United Federation of Teachers President Michael Mulgrew tore into the city Monday for not providing paid parental leave to city teachers, calling the situation a case of “gender bias.”
Mulgrew, whose union is 77 percent women, was among the leaders testifying about the need for a paid parental leave policy Monday at a joint hearing of the City Council’s committees on education and civil service and labor.
In some of his harshest criticism of the de Blasio administration, Mulgrew criticized city leaders for saying leave should be negotiated in contract talks and come with concessions.
“I believe this is clearly gender bias on behalf of the City of New York and I do believe now it’s being used completely as a bargaining chip against our union, the union with the high female [membership],” Mulgrew said. “So I’m quite aggravated and pissed off at the city on this whole thing.”
Under the Department of Education’s current policy, teachers who want paid leave after having a baby must use accrued sick days. The policy applies only to birth mothers, not educators who become parents through surrogacy or adoption.
The UFT’s fight, spurred in part by a petition that went viral last fall, comes after the city extended six weeks of fully paid time off to its non-union workforce in 2016, covering about 20,000 managerial employees.
The city has pointed out that those workers made concessions, including giving up raises and vacation days, in exchange for their leave. The administration has also estimated that extending this program to all UFT members could cost $1 billion over four years.
Bob Linn, the city’s labor commissioner, testified Monday that paid leave was an issue that would be addressed during negotiations with the UFT, whose contract expires in November. “We will be reaching agreements on this issue,” he said.
Here’s what three UFT members who spoke Monday told the council:
Carolyn Dugan, a special education teacher in Manhattan at PS/IS 180
“I went into labor at my school because I was trying to save all my sick days for my maternity leave.
I wanted to maximize the little time I had with my newborn, so instead of taking a few days to rest before the baby was born, I worked up to very last moment and I ended up going into labor at
work.”
Eric Rubin-Perez, a school counselor at the John F. Kennedy Jr. School in Queens
“I had managed to save over 65 days in my bank that I had always planned on using for child care leave. I attended a UFT workshop on paternity leave in the fall of 2013. To my shock, I learned that as a father I was only allowed to use three personal days. It didn’t matter how many days I had saved in my bank, I was not able to use any of them. All those times I made the treacherous commute in the snow to my school in Elmhurst, Queens, from my home in Suffolk County, or when I came back to work after oral surgery didn’t matter, because I could not use any of my days. My husband who worked on Long Island got six weeks of paid paternity leave so it never occurred to me that I wouldn’t get anything.”

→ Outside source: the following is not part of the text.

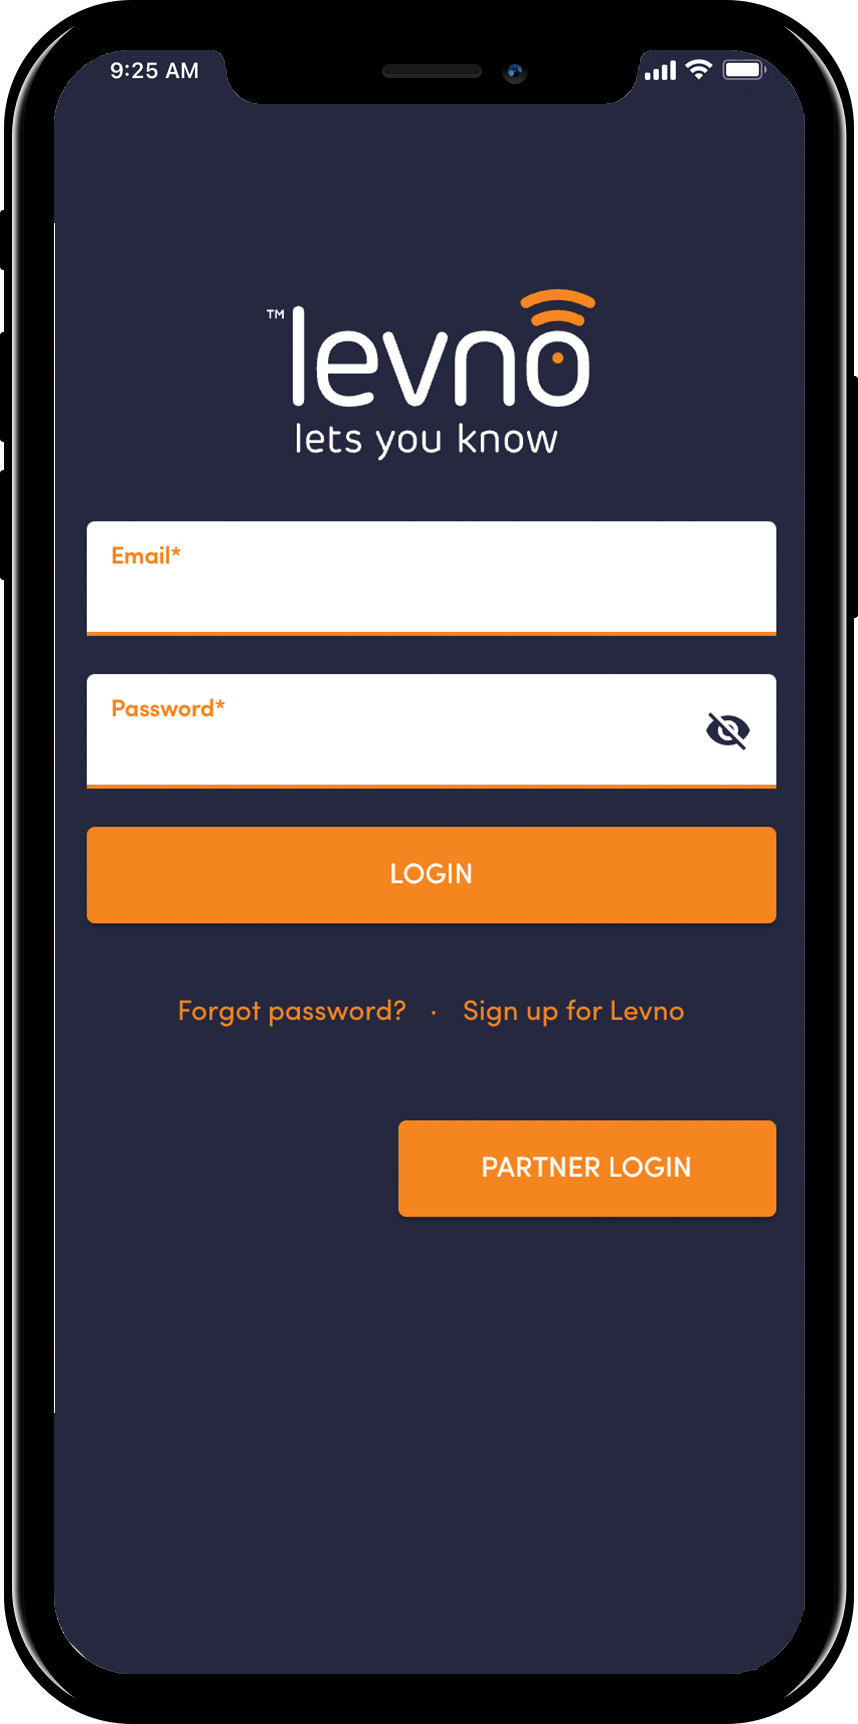 Levno App log in sceeen in phone

Jessica Jean-Marie, teacher in New York City public schools
“Last week, I returned from maternity leave after 11 weeks from having my second child. I tried working until I went into labor so that I could have a full 12 weeks — six weeks using sick days and six weeks off payroll on unpaid child care leave — at home with my son. I couldn’t do it. The physical pain and the mental stress became too much. I worked up until the week of my due date, hoping my son would come sooner than later so I can maximize my leave. He arrived three days past due.”